The 'fun' starts with Survivor: The Interactive Game's graphics. Blocky and blurry, they wouldn't have looked good two years ago and they certainly don't look good now. The terrain is an awful muddled blur that looks like someone anti-aliased a 16x16 texture across a 1024x1024 landscape and hoped that it'd look nice. The four-step animation of the glowing green water is, if anything, more disturbing. The character models are passable, but their animations are extremely stiff, not to mention repetitive; the game environments are dull, repetitive, and have a rather short draw-in distance.

The music is also short and repetitive. The loops that play when the game is loading don't even last the whole loading screen, which is saying something; the music in the various challenges and survival stages barely even count as music. The voice acting scattered throughout the game is decent, but it's not going to knock your socks off, and the rest of the sound effects in the game range from dull to downright insanity-inducing. If I have to hear the stupid lapping water sound again I think I'm going to scream.


Gameplay:

It's definitely a frightening thing when you look forward more to the grainy FMVs that break up the segments of a game than the game itself, but I found myself doing just that with Survivor: The Interactive Game. Quite possibly one of the worst game experiences I've had in a long time, this title only barely fits the 'interactive' moniker it gives itself, and should not be inflicted on anyone but your worst enemies.

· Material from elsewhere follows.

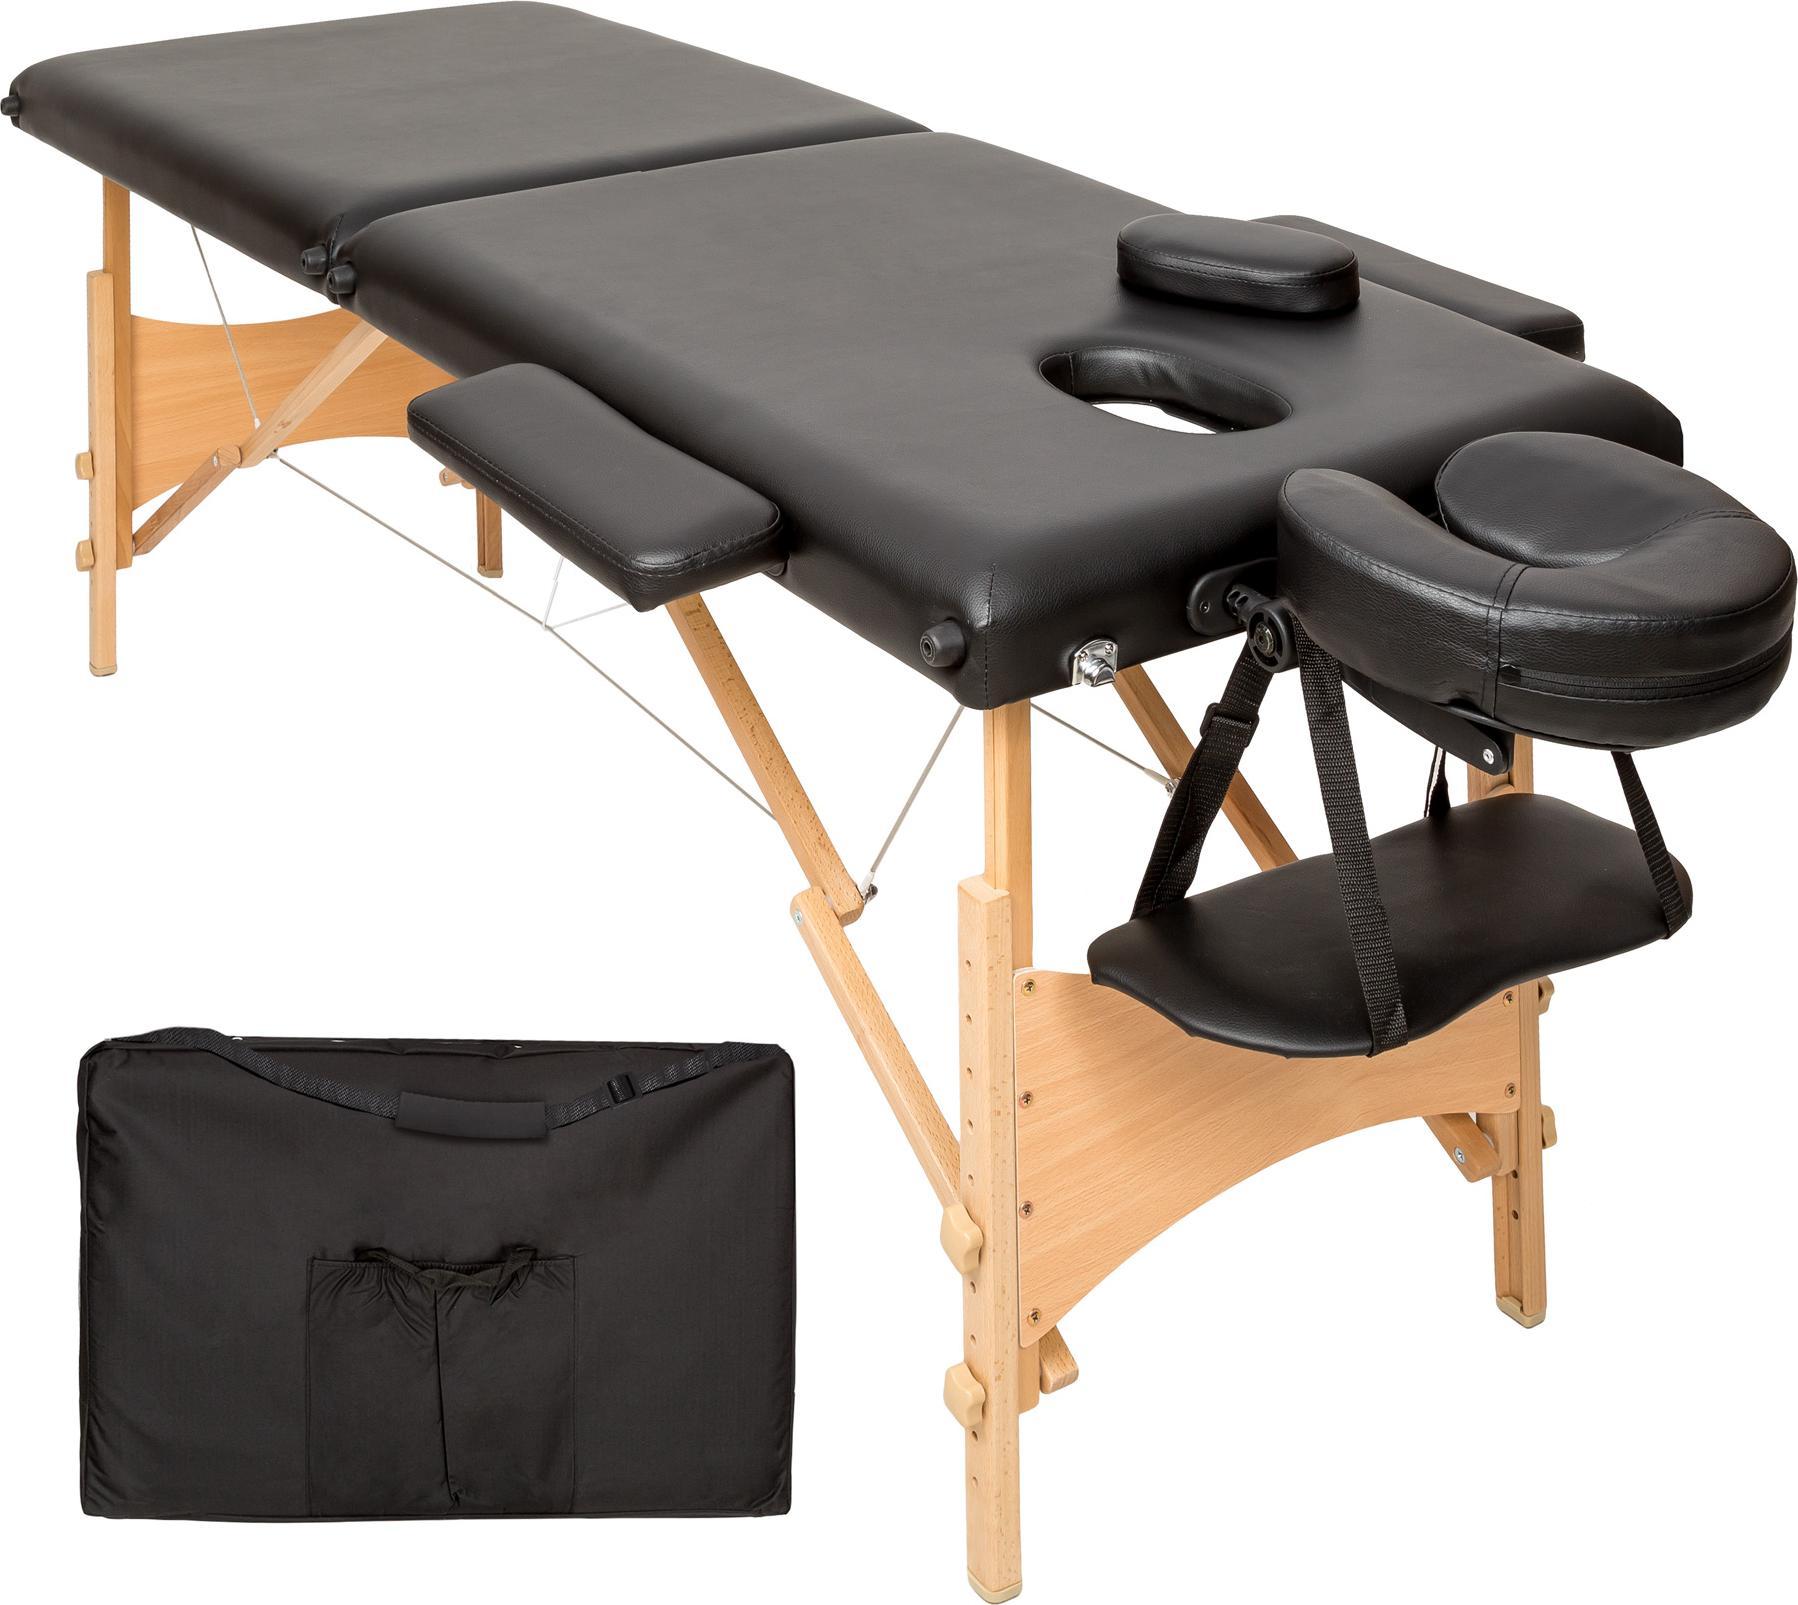 Zdjęcia - Stół do masażu Tectake 2-strefowy  Freddi z wyściółką 5cm i drewnianą ramą

Ostensibly, Survivor: The Interactive Game allows you to experience first-hand the grueling challenges that faced the folks in the first two seasons of the show (although the game itself is set solely on the Australian outback). I never saw the show myself, but I know that it has to be orders of magnitude better than what's presented here to have captured the hearts of America like it has. At least, I hope so. The experience of playing Survivor: The Interactive Game is grueling, but for entirely the wrong reasons.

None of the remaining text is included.